Use-cases
7 Fundamental Use Cases of Social Networks with NebulaGraph Database | EP 3
In this third episode of our series on social network analysis using graph databases, we will delve deeper into the power of this technology to uncover insights about our networks. Building upon the concepts introduced in previous episodes, such as identifying key people, determining the closeness between two users, and recommending new friends, we will now explore new techniques for pinpointing important content using common neighbors, pushing information flow based on friend relationships and geographic location, and using spatio-temporal relationship mapping to query the relationship between people. We will also look at how this technology can be used to identify the provinces visited by a group of people who intersected in time and space.
Previously on: Episode 1| Episode 2
Common Neighbor
Finding common neighbors is a very common graph database query, and its scenarios may bring different scenarios depending on different neighbor relationships and node types. The common buddy in the first two scenarios is essentially a common neighbor between two points, and directly querying such a relationship is very simple with OpenCypher.

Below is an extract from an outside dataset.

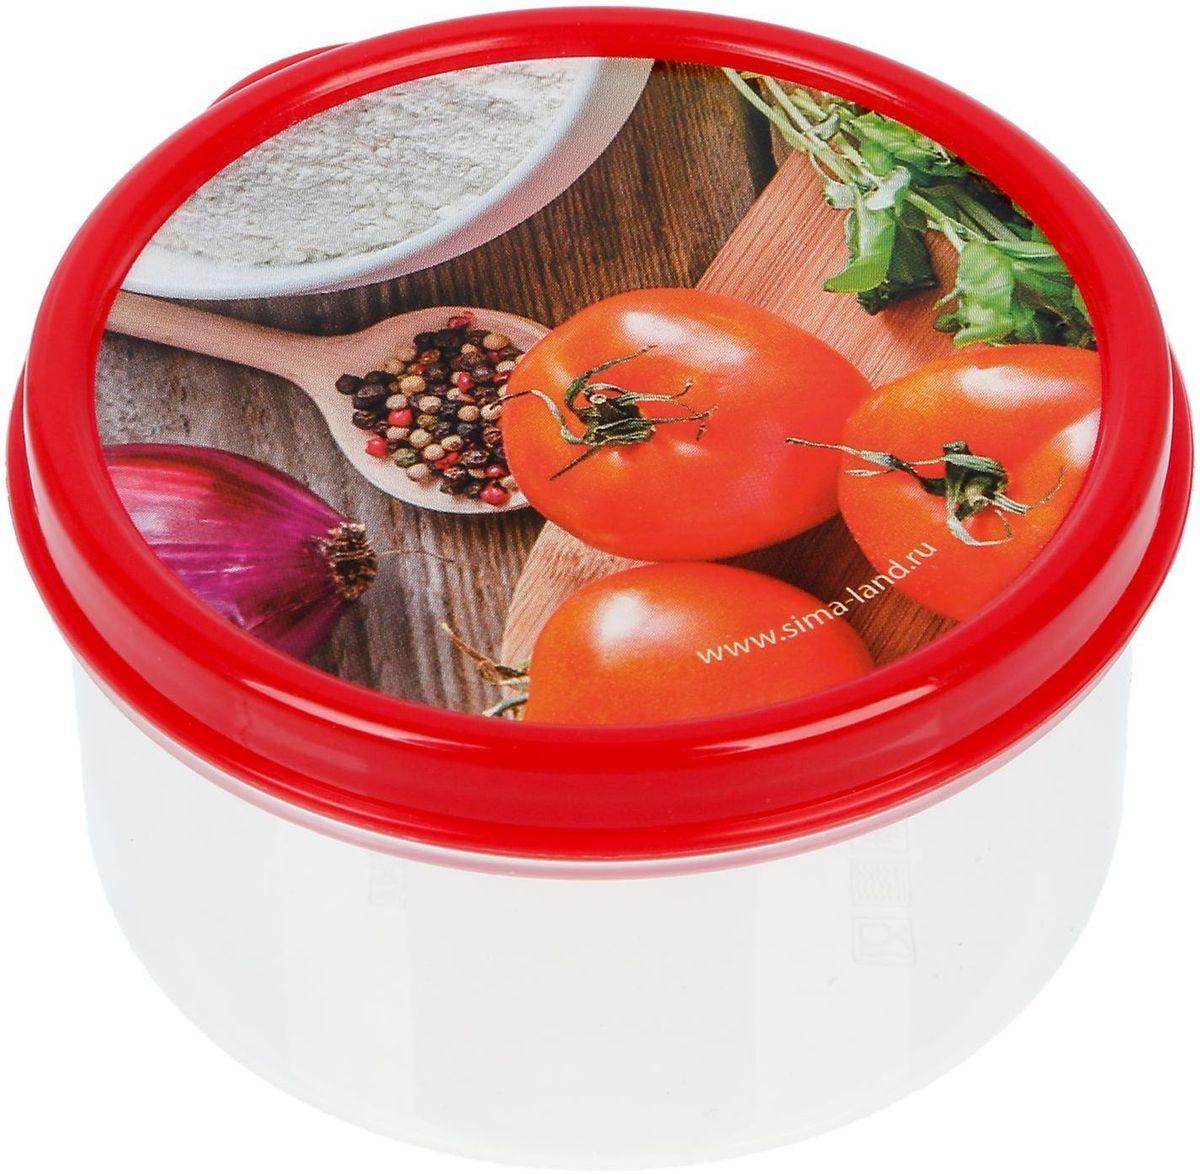 Ланч-бокс Доляна №3, круглый, 150 мл1333924Если после вкусного обеда осталась еда, а насладиться трапезой хочется и на следующий день, ланч-бокс станет отличным решением данной проблемы!Такой контейнер является незаменимым предметом кухонной утвари, ведь у него много преимуществ:Простота ухода. Ланч-бокс достаточно промыть тёплой водой с небольшим количеством чистящего средства, и он снова готов к использованию.Вместительность. Большой выбор форм и объёма поможет разместить разнообразные продукты от сахара до супов.Эргономичность. Ланч-боксы очень легко хранить даже в самой маленькой кухне, так как их можно поставить один в другой по принципу матрёшки.Многофункциональность. Разнообразие цветов и форм делает возможным использование контейнеров не только на кухне, но и в других областях домашнего быта.Любители приготовления обеда на всю семью в большинстве случаев приобретают ланч-боксы наборами, так как это позволяет рассортировать продукты по всевозможным признакам. К тому же контейнеры среднего размера станут незаменимыми помощниками на работе: ведь что может быть приятнее, чем порадовать себя во время обеда прекрасной едой, заботливо сохранённой в контейнере?В качестве материала для изготовления используется пластик, что делает процесс ухода за контейнером ещё более эффективным. К каждому ланч-боксу в комплекте также прилагается крышка подходящего размера, это позволяет плотно и надёжно удерживать запах еды и упрощает процесс транспортировки.Однако рекомендуется соблюдать и меры предосторожности: не использовать пластиковые контейнеры в духовых шкафах и на открытом огне, а также не разогревать в микроволновых печах при закрытой крышке ланч-бокса. Соблюдение мер безопасности позволит продлить срок эксплуатации и сохранить отличный внешний вид изделия.Эргономичный дизайн и многофункциональность таких контейнеров — вот, что является причиной большой популярности данного предмета у каждой хозяйки. А в преддверии лета и дачного сезона такое приобретение позволит поднят

A common neighbor between two vertices
For example, this expression can query the commonality, intersection between two users, the result may be common teams, places visited, interests, common participation in post replies, etc.:.
MATCH p = (`v0`)--()--(`v1`)
WHERE id(`v0`) == "player100" AND id(`v1`) == "player104"
RETURN p
And after limiting the type of edge, this query is limited to the common friend query.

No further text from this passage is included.